Over the years, however, the EPA narrowed its definition of “major modification.” Ever-more and bigger modifications were treated as minor repairs and maintenance, Flatt said.
“EPA, unfortunately, created an incentive to try to get the camel through the eye of the needle and get as big and many upgrades as possible without triggering a new-source performance review.”
Oxbow’s plant in Oklahoma, for example, was “modernized and automated” in the 1990s, according to the company’s website. However, it seems that none of these upgrades was large enough to require scrubbers.
Oklahoma, Texas and other states could create regulations to override this loophole. State have the authority of exceeding federal air standards. California, for example has created additional SO2 regulations to specifically address calcining facilities.
Texas already has many regulatory tools that could force Oxbow to install scrubbers, said Neil Carman, a former air pollution investigator for the state who is now clean air program director for the Sierra Club’s Texas chapter. Carman said that enforcing these rules to this extent would likely trigger a lawsuit by Oxbow, something the TCEQ would prefer.
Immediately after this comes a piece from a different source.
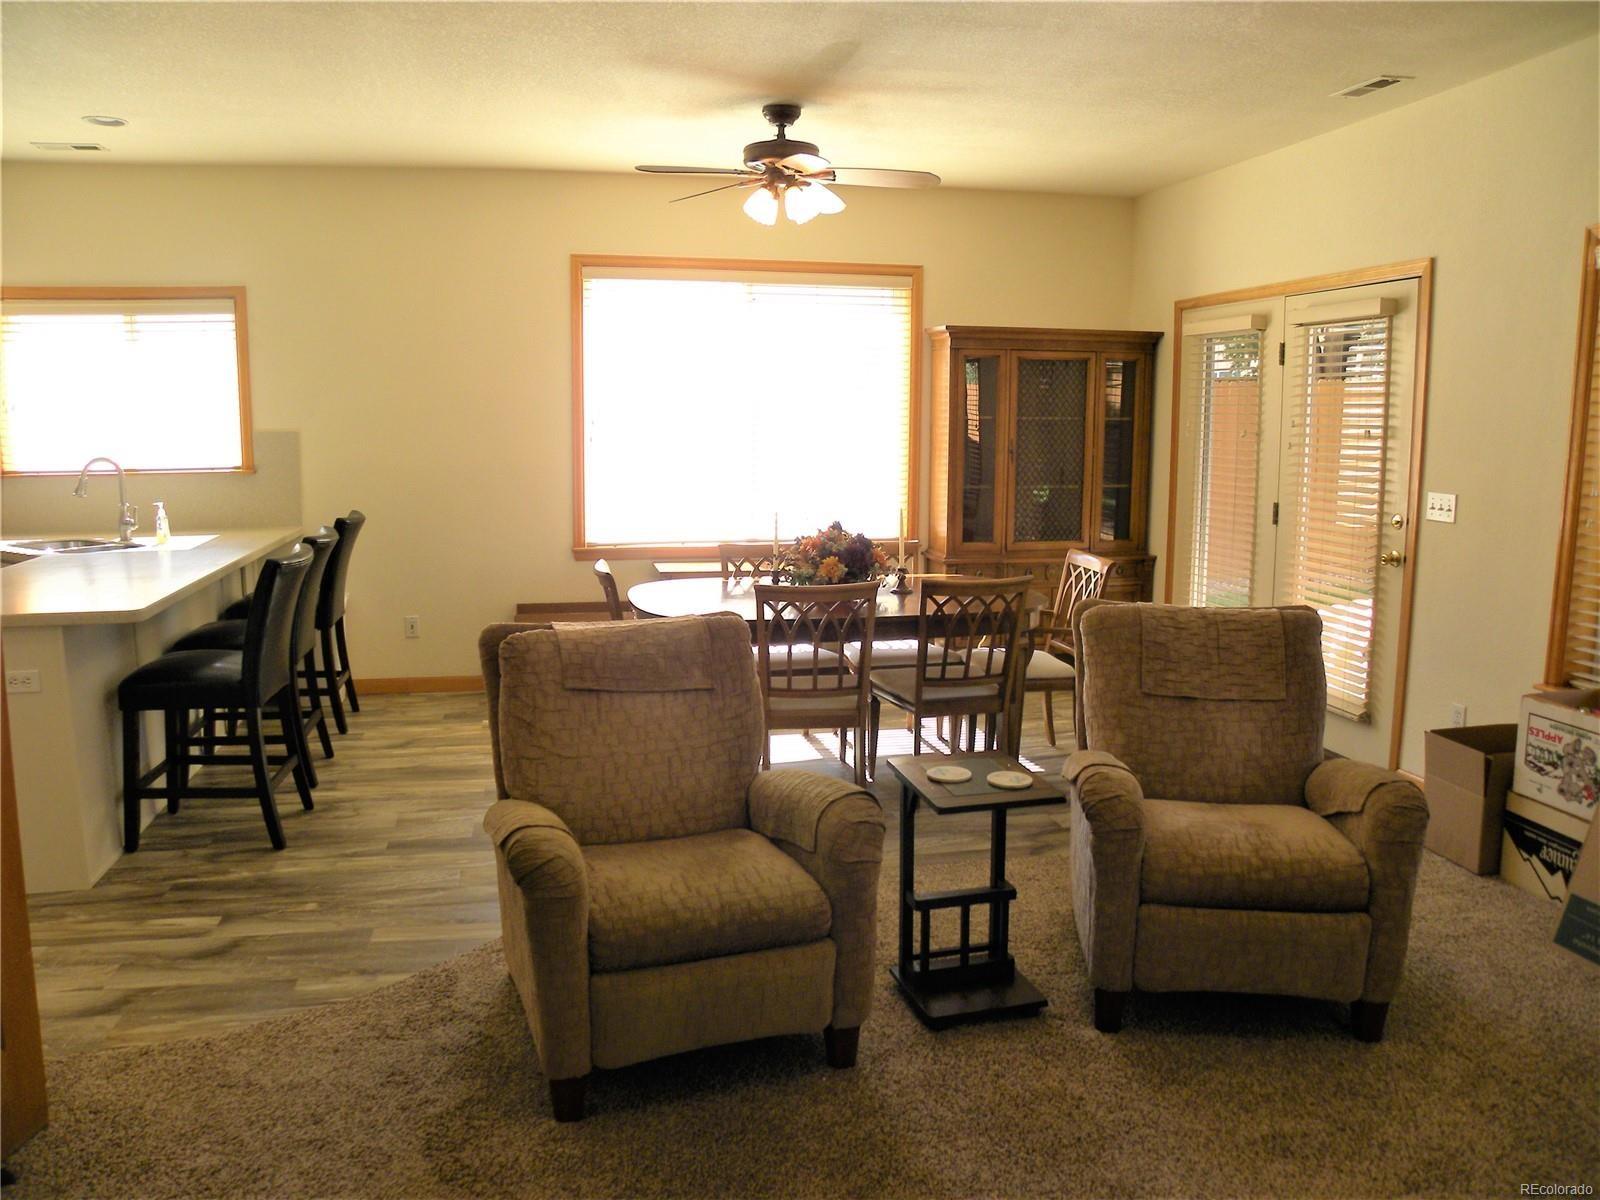 MLS# 5924977 - 9 - 1017 Cedarcrest Drive, Pueblo, CO 81005
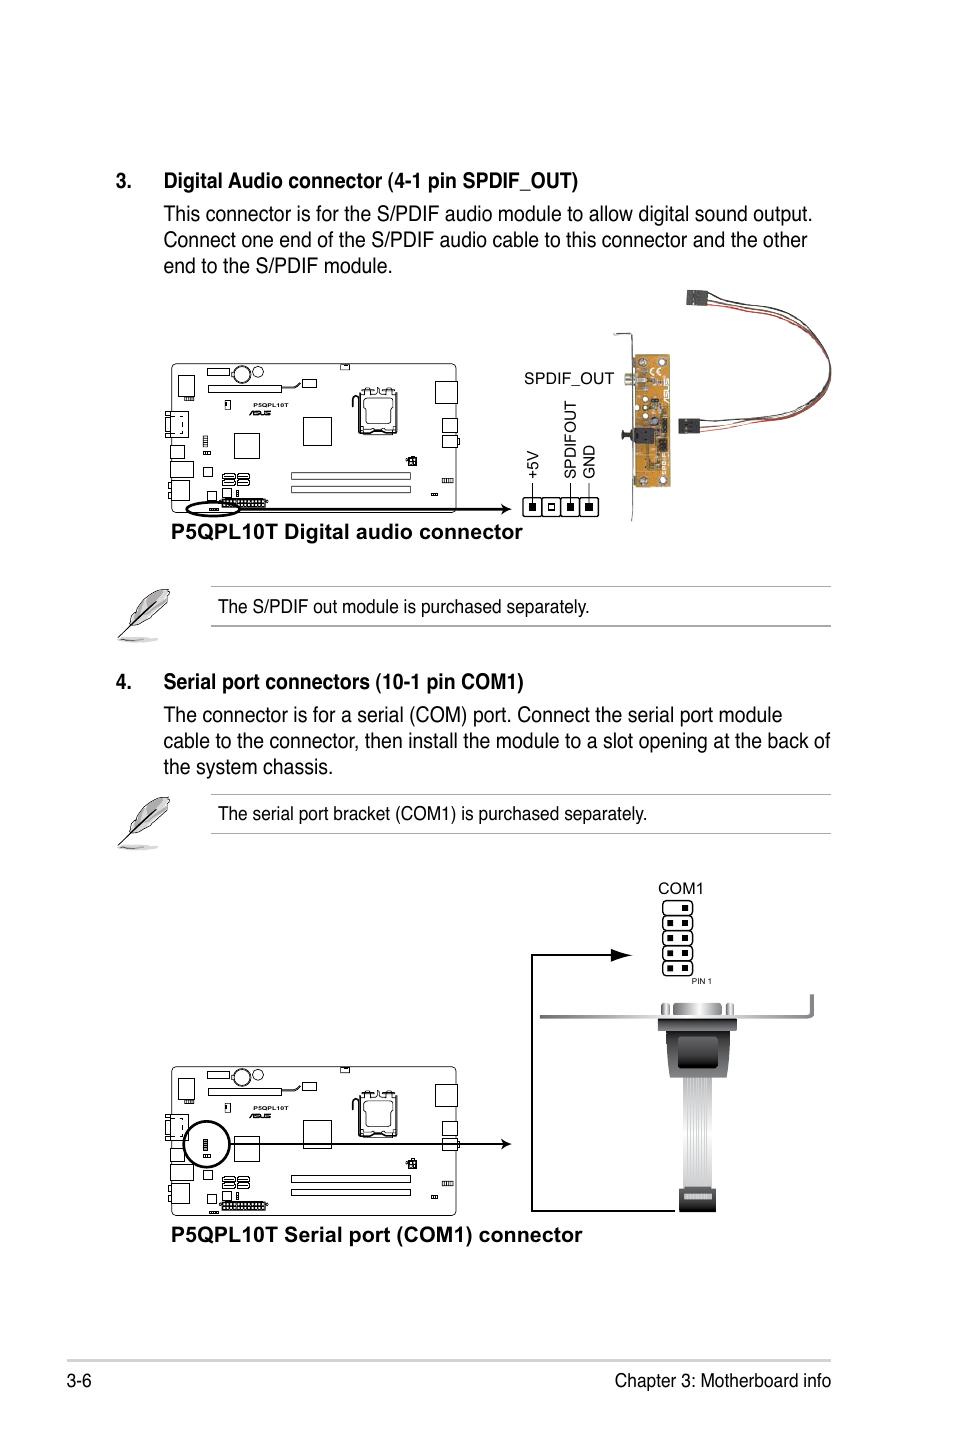 P5qpl10t Serial Port Com1 Connector Asus P6 P5g41e User Manual Wiring Diagram Page 35 67

“The TCEQ has a history statewide of bending over backward for these older plants, letting them pollute the communities and not taking enforcement action,” Carman said.
John Beard spent 38 years working as a ExxonMobil processing technician and has watched this pattern develop for decades.
Beard grew up on Port Arthur’s west side and served nine years on the city council. After he retired in 2017, Beard founded the Port Arthur Community Action Network or PACAN. His goal isn’t to shut down Oxbow or any of the other industrial facilities that fuel the local economy – he says he just wants them to reduce their pollution wherever they can, within reason.
“It’s not necessary for them to pollute to the extent that they do,” he said. “It’s a matter of choice, of dollars and cents. It makes sense to me that they invest their dollars in their facilities to make sure they minimize pollution impacts on the communities that surround them.”